> _Exercise prompt_
Lines from the one containing "Cityscape at the" through the last line of the records below need to be repeated exactly; nothing else, and no pictures.

> _Extracted information_
★ ★ ★ ★ ★

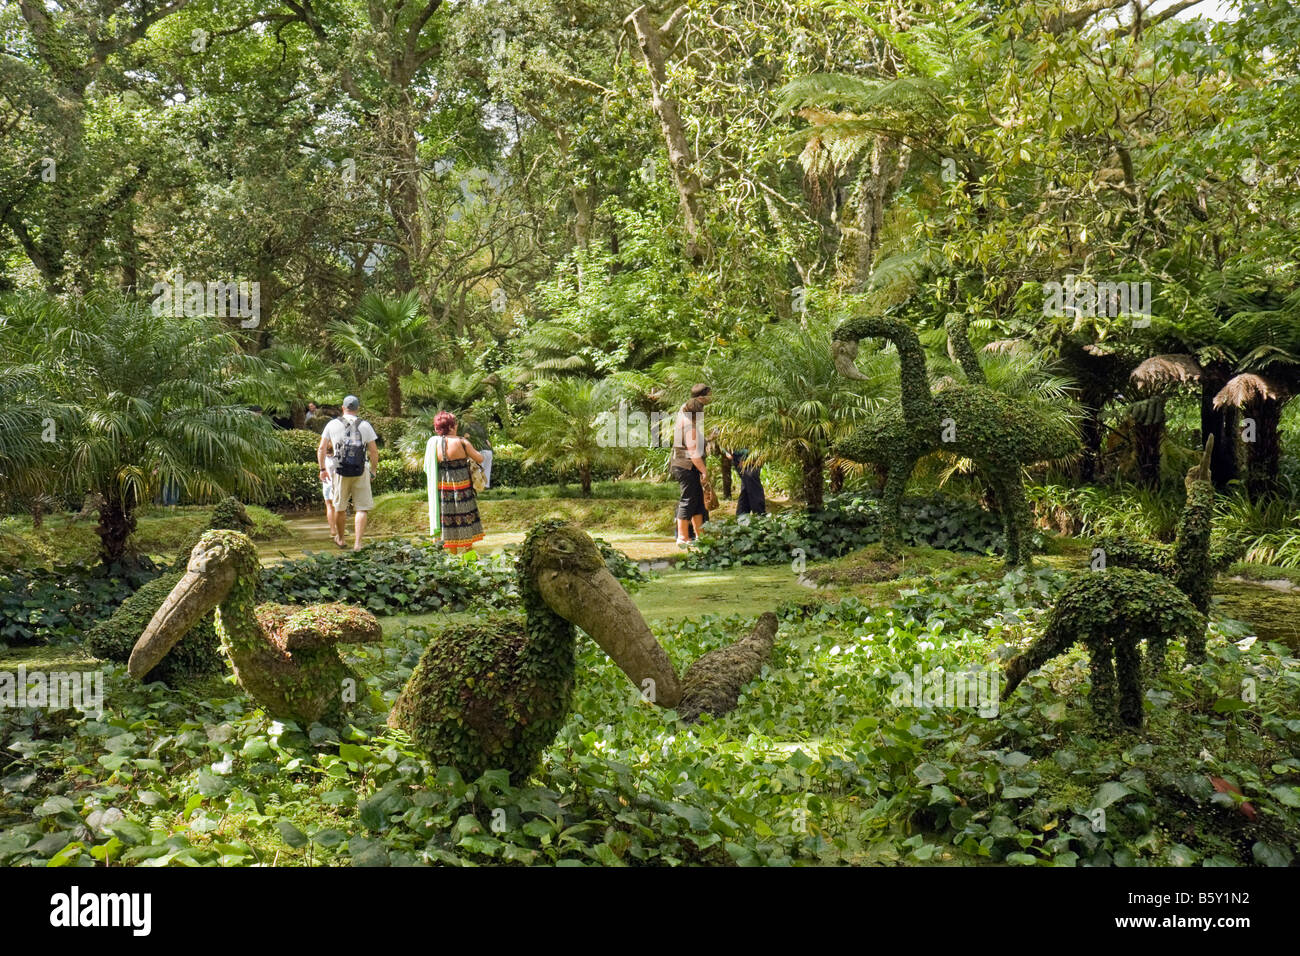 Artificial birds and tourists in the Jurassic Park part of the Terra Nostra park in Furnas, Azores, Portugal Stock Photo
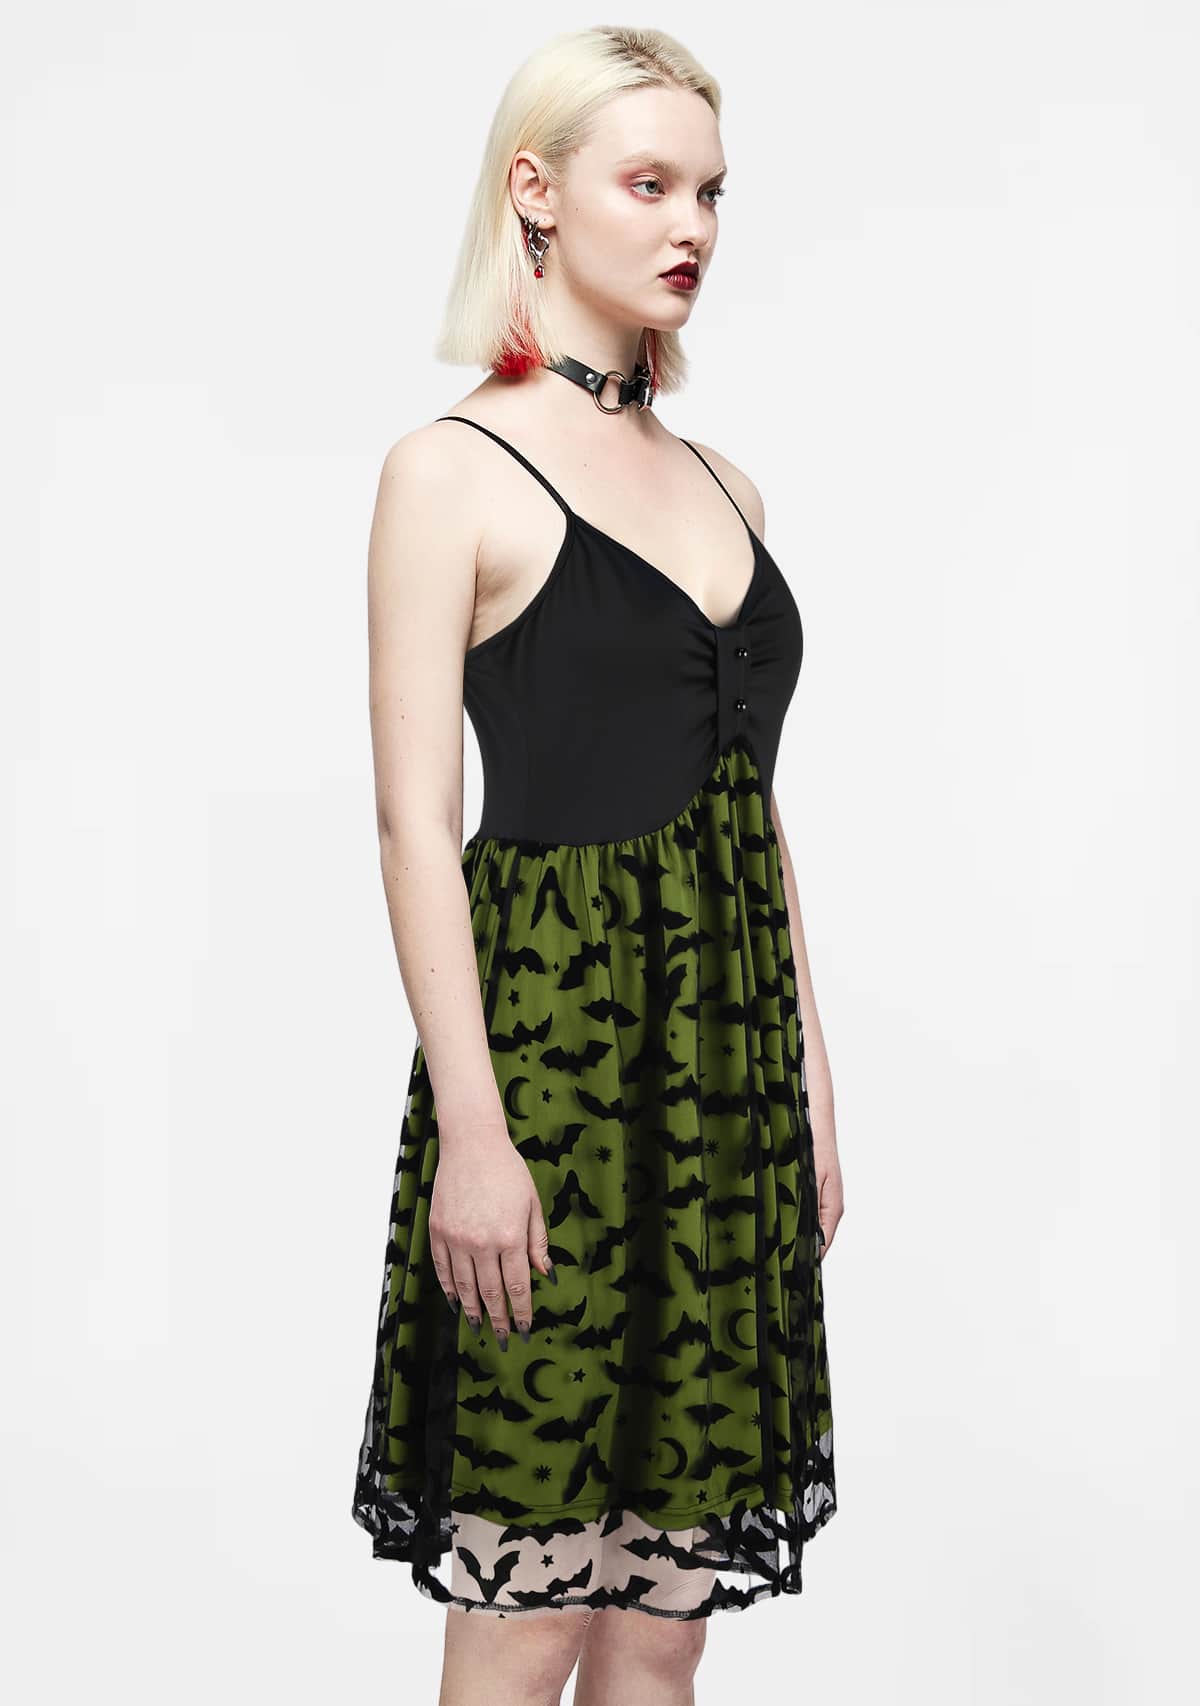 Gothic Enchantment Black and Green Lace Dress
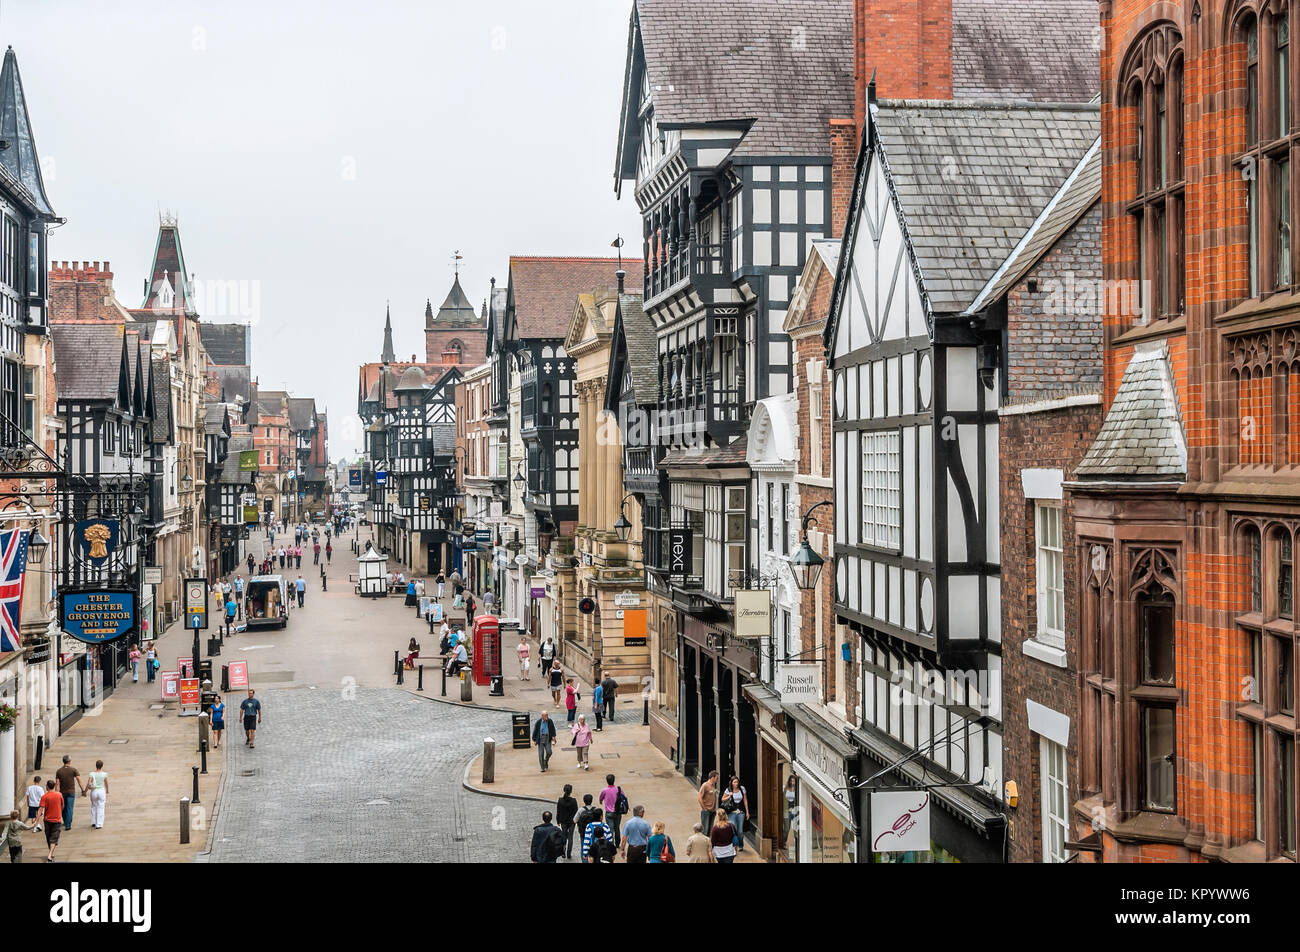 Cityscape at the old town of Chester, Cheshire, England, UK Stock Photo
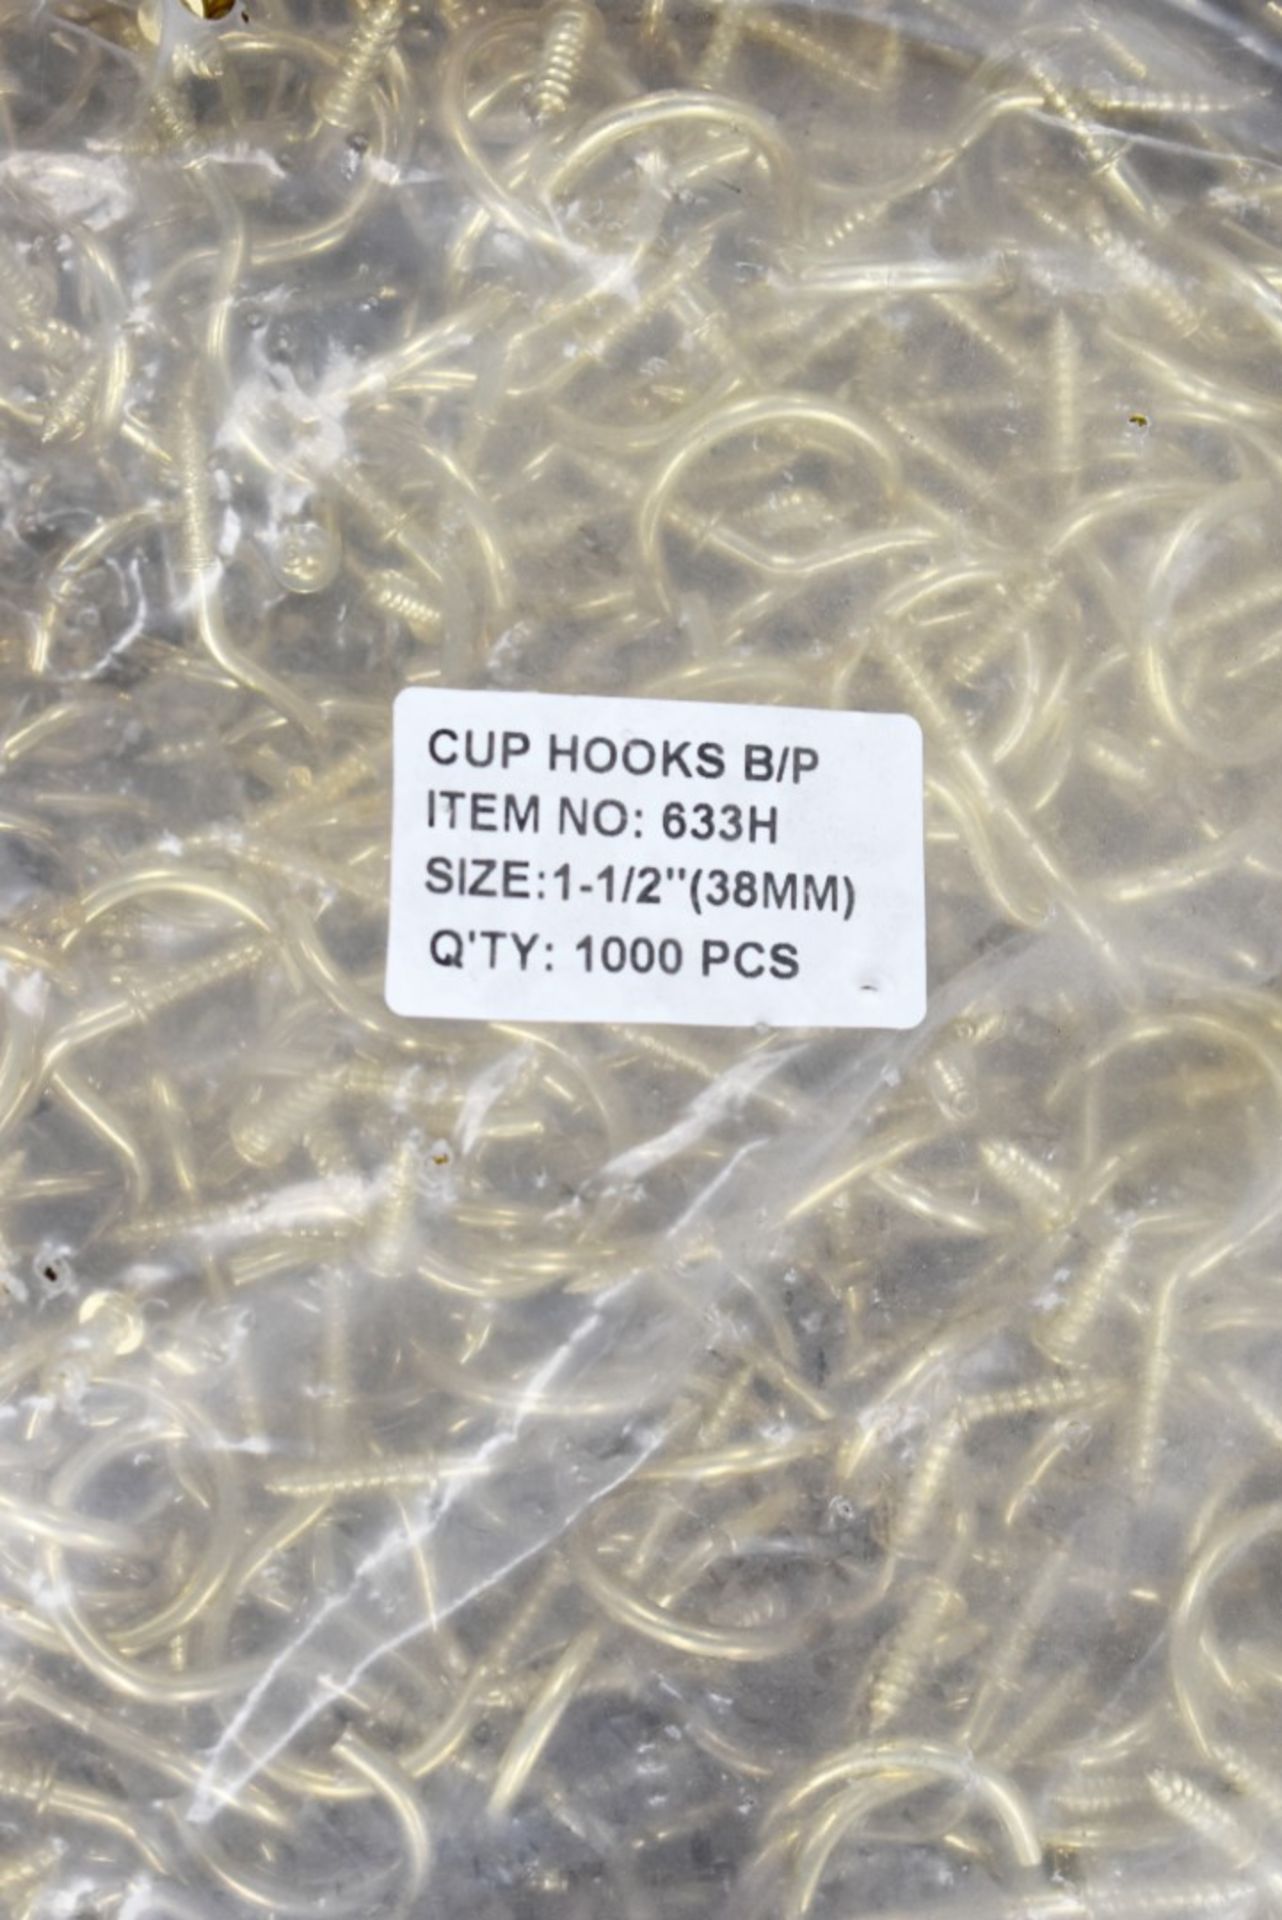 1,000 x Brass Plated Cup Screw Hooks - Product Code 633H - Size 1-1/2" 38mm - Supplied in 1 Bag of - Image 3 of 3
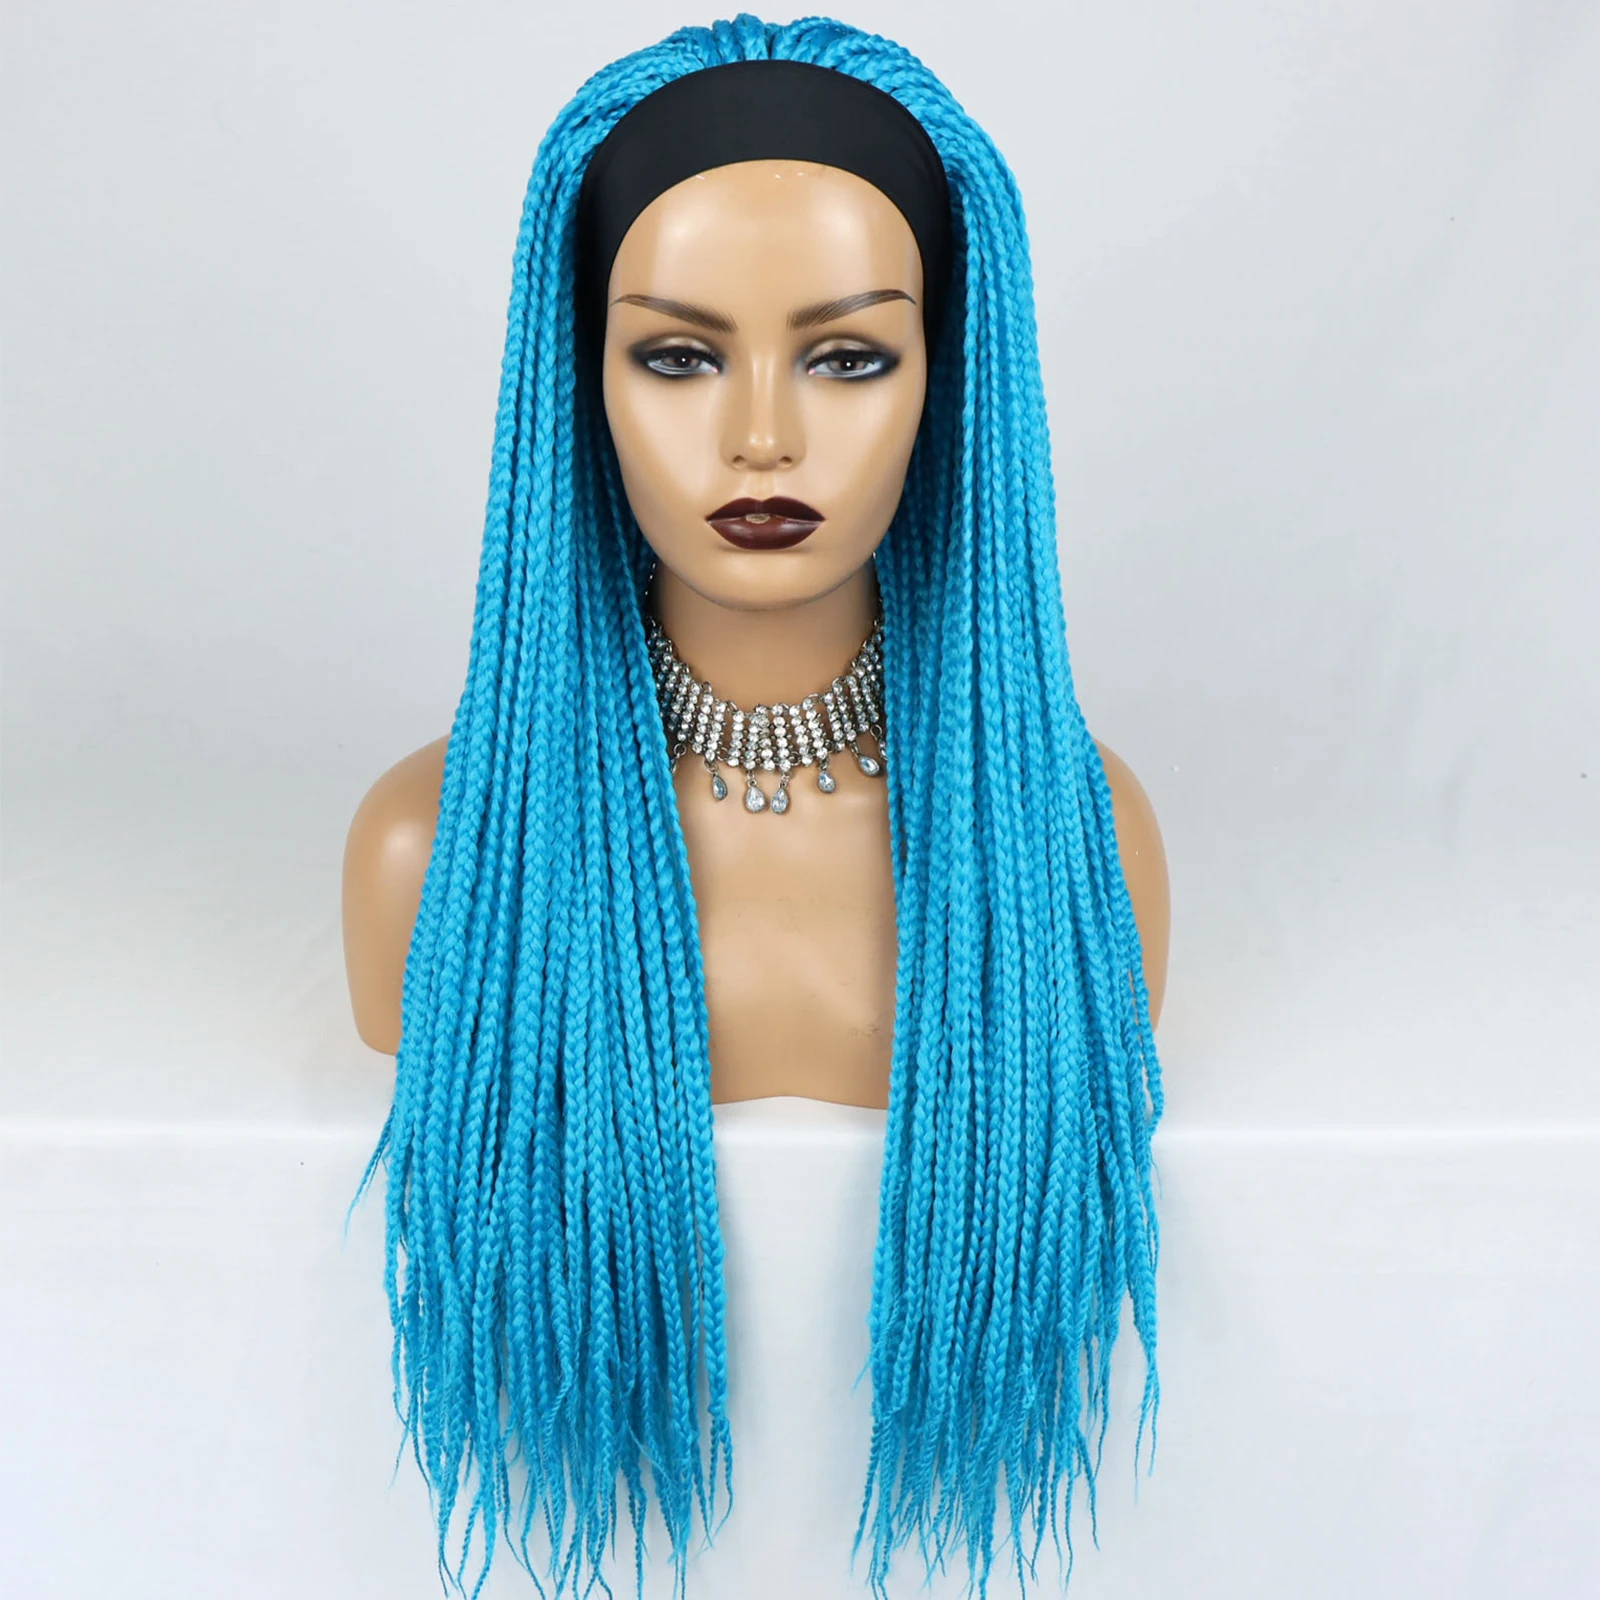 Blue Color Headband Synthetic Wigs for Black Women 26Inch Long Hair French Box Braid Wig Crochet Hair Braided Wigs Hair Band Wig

★ ★ ★ ★ ★

> _Result of the task_
 Cityscape at the old town of Chester, Cheshire, England, UK Stock Photo
 1,000 x Brass Plated Cup Screw Hooks - Product Code 633H - Size 1-1/2" 38mm - Supplied in 1 Bag of - Image 3 of 3
 Blue Color Headband Synthetic Wigs for Black Women 26Inch Long Hair French Box Braid Wig Crochet Hair Braided Wigs Hair Band Wig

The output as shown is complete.